Question

Let m be the mean and σ be the standard deviation of the distribution

xi	0	1	2	3	4	5
fi	k+2	2k	k2-1	k2-1	k2+1	k-3

where ∑f_i = 62. if [x] denotes the greatest integer ≤ x, then [μ² + σ²] is equal

• A. 6
• B. 7
• C. 8
• D. 9

Answer 1

The Correct Option is C

To solve this problem, we need to find the greatest integer value of \( \mu^2 + \sigma^2 \), where \( \mu \) is the mean and \( \sigma \) is the standard deviation of the given frequency distribution.

Let's denote \( \text{Sum of frequencies} \, \sum f_i = 62 \). 

1. Calculate the value of \( k \) by using the sum of the frequencies: \((k+2) + 2k + (k^2-1) + (k^2-1) + (k^2+1) + (k-3) = 62\).

Simplify this equation:

• Combine like terms: \(3k^2 + 4k - 2 = 62\)
• Simplify further: \(3k^2 + 4k - 64 = 0\)

1. We solve for \( k \) using the quadratic formula \( ax^2 + bx + c = 0 \), where \( a = 3 \), \( b = 4 \), \( c = -64 \). \(k = \frac{-b \pm \sqrt{b^2 - 4ac}}{2a}\)
   • Calculate the discriminant: \(b^2 - 4ac = 4^2 - 4 \times 3 \times (-64) = 16 + 768 = 784\)
   • The square root of 784 is 28.
   • Therefore, \(k = \frac{-4 \pm 28}{6}\). The possible solutions are \( k = 4 \) or \( k = -\frac{32}{6} \) (not valid since \( k \) must be positive).
2. Take \( k = 4 \).

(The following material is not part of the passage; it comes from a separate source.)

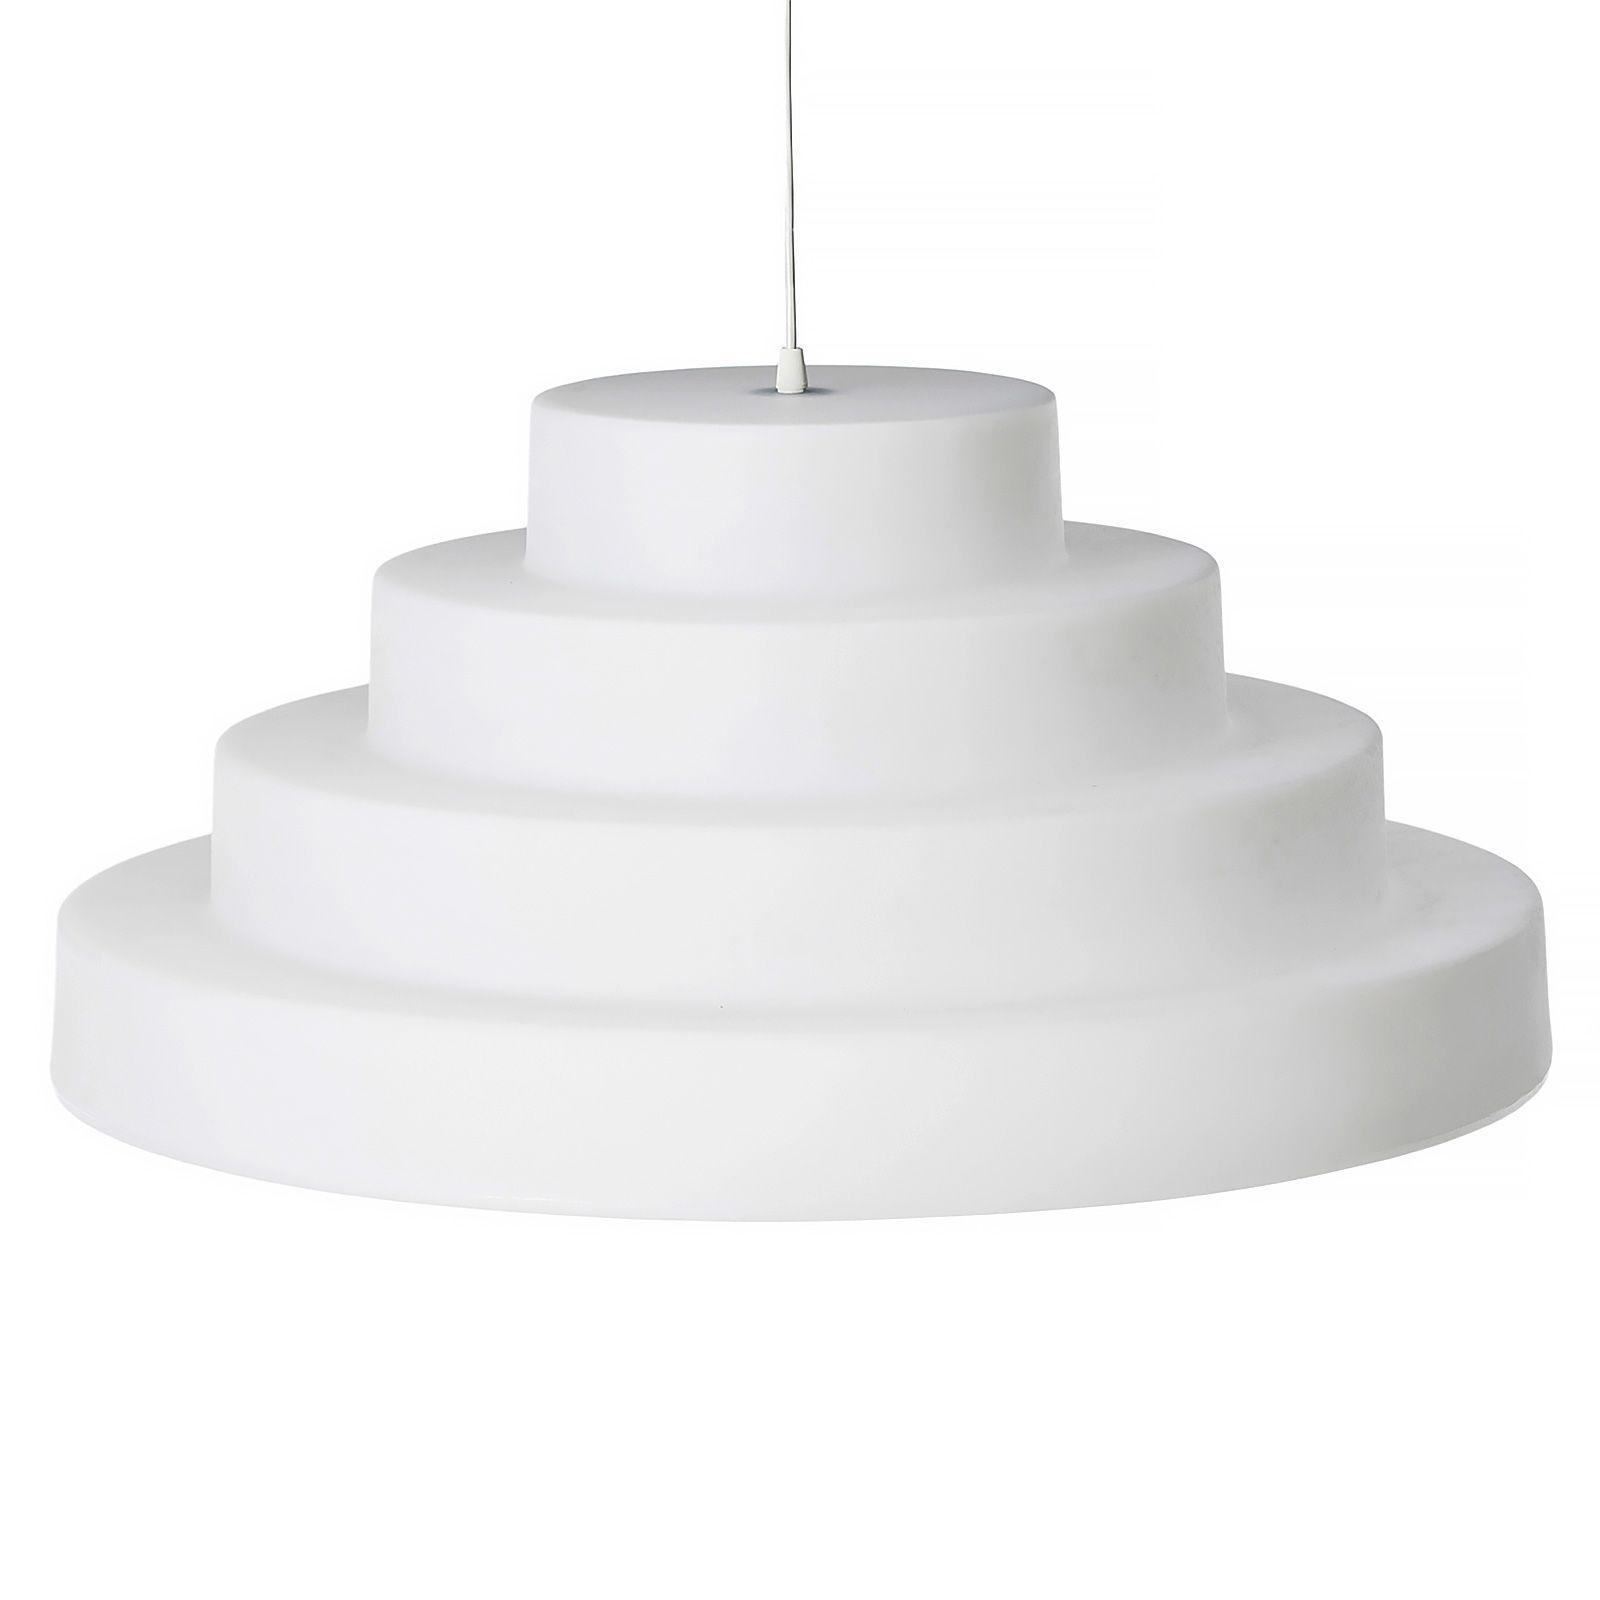 Riippuvalaisin Cake valkoinen

Calculate the distribution:
   • Substitute \( k = 4 \) into the frequency terms:
   • \(f_0 = (4+2) = 6$\), \( f_1 = 2 \times 4 = 8 \), \( f_2 = (4^2 - 1) = 15 \), \( f_3 = (4^2 - 1) = 15 \), \( f_4 = (4^2 + 1) = 17 \), \( f_5 = (4-3) = 1\)
   • Verify: \( 6 + 8 + 15 + 15 + 17 + 1 = 62 \)
3. Compute the mean:
   • \( \mu = \frac{\sum(f_i \cdot x_i)}{n} = \frac{6 \cdot 0 + 8 \cdot 1 + 15 \cdot 2 + 15 \cdot 3 + 17 \cdot 4 + 1 \cdot 5}{62} \)
   • \( \mu = \frac{177}{62} = 2.85 \) approximately
4. Compute the variance, \( \sigma^2 \):
   • \( \sigma^2 = \frac{\sum(f_i \cdot x_i^2)}{n} - \mu^2 \)
   • \( \sum(f_i \cdot x_i^2) = 6 \cdot 0^2 + 8 \cdot 1^2 + 15 \cdot 2^2 + 15 \cdot 3^2 + 17 \cdot 4^2 + 1 \cdot 5^2 \)
   • \( = 0 + 8 + 60 + 135 + 272 + 25 = 500 \)
   • \( \sigma^2 = \frac{500}{62} - (2.85)^2 \approx 1.47 \)
5. Calculate \( \mu^2 + \sigma^2 \):
   • \( \mu^2 + \sigma^2 = (2.85)^2 + 1.47 = 8.60 \)
   • The greatest integer less than or equal to \( 8.60 \) is 8.

Therefore, \([ \mu^2 + \sigma^2 ] = \) 8.